The need for viable augmentation strategies to assist in the pharmacological management of treatment-resistant depression has become so dire that clinicians seem to perk up to any option nowadays – regardless of how fly-by-night, “here today gone tomorrow” it may be. This is happening, at least in part, due to the ever-growing problem of suboptimum response to traditional antidepressant therapies.
The genesis of treatment-resistant depressions is linked to how neurotransmitters are born. Cell bodies manufacture their own messenger molecules – more typically referred to as neurotransmitters. The neurotransmitters thought to play the biggest role in mood – norepinephrine, serotonin and dopamine – are generated via pathways that start with amino acids and end with the neurotransmitters just mentioned. The problem is that we humans are not all able to manufacture the same amount of neurotransmitters. The rate of development also varies and is controlled by our genotype.

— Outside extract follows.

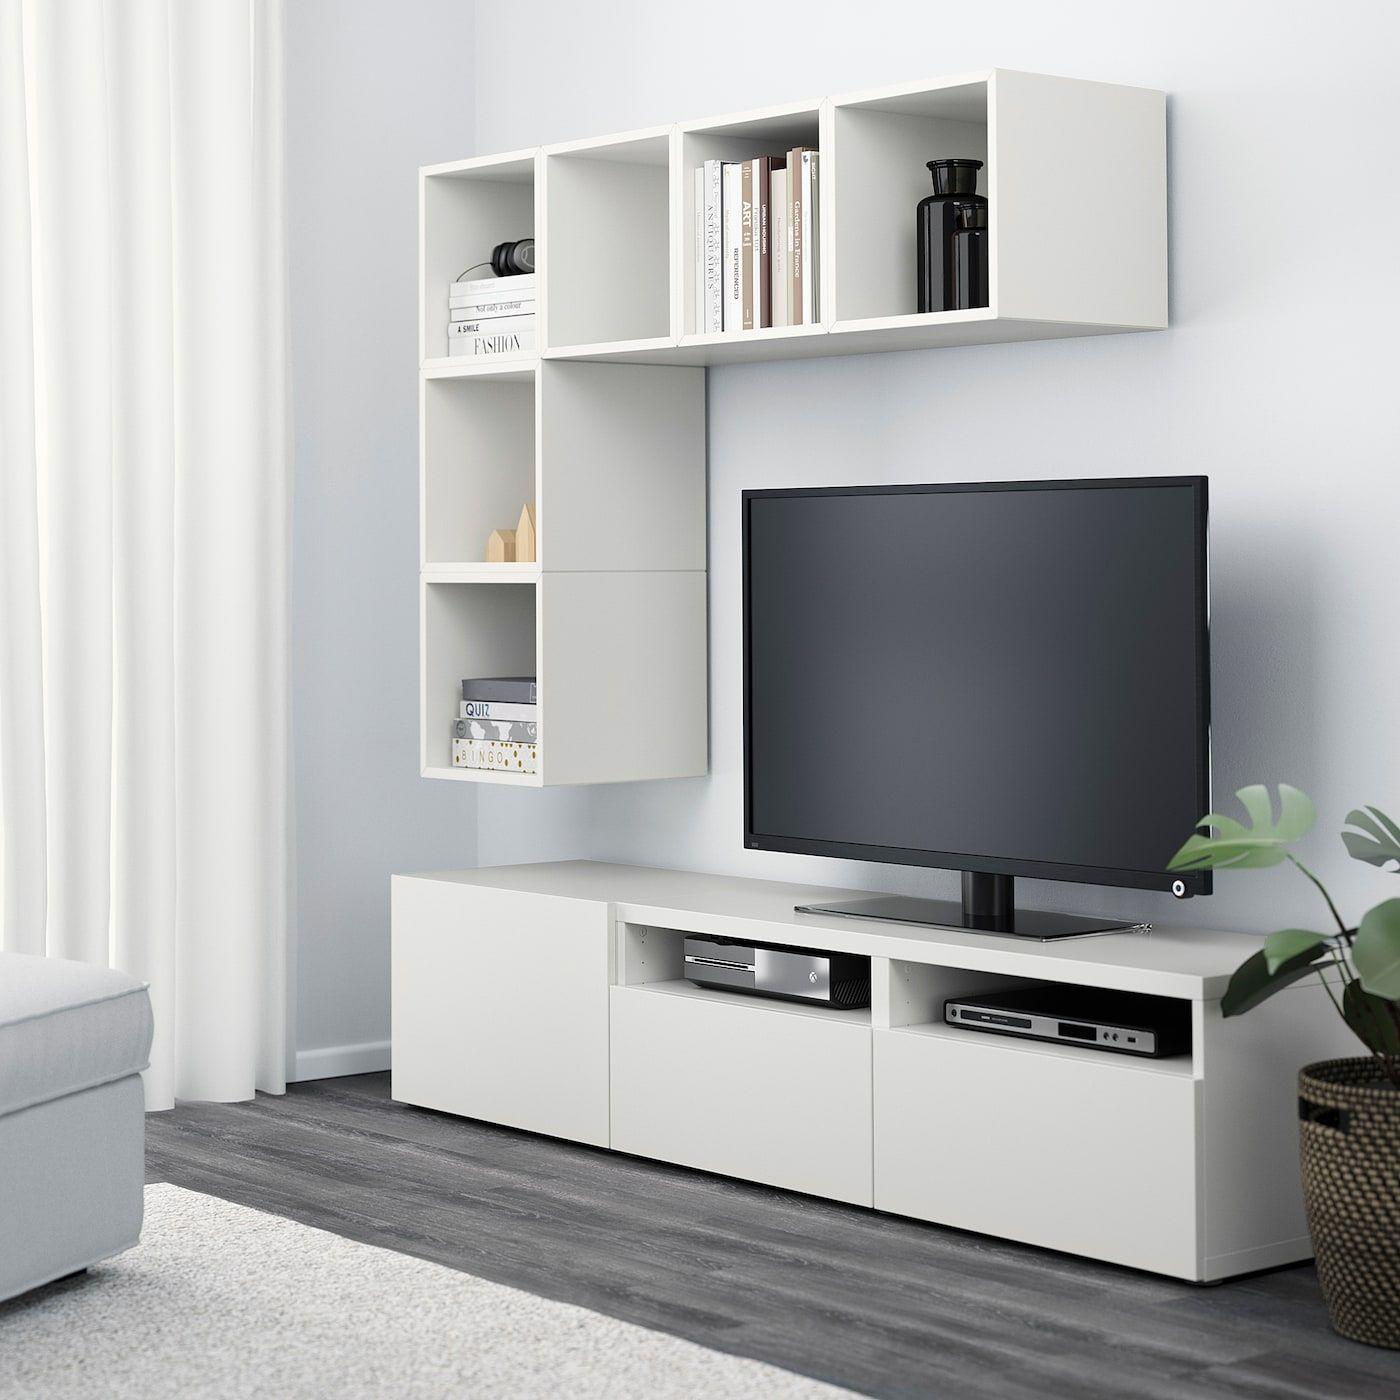 Meuble Tv Colonne Ikea ikea - bestÅ / eket tv storage combination white in 2020

SAMe and L-methylfolate aid in the synthesis and subsequent generation of neurotransmitters. A breakdown in the functioning of these substances results in neurotransmitter development impairment.
Recent, well conducted studies with both SAMe and L-methylfolate have created quite a buzz. These studies give high marks to the effectiveness and tolerability of both SAMe and L-methylfolate as augmenting agents to traditional SSRI and SNRI antidepressants when these agents as monotherapy yielded suboptimal response rates.
The robust results from these recent studies should not be a gateway to irrational exuberance; but by the same token, all potentially effective options for the ever-growing population of folks struggling to achieve symptom remission from depression via pharmacotherapy should definitely remain on the table.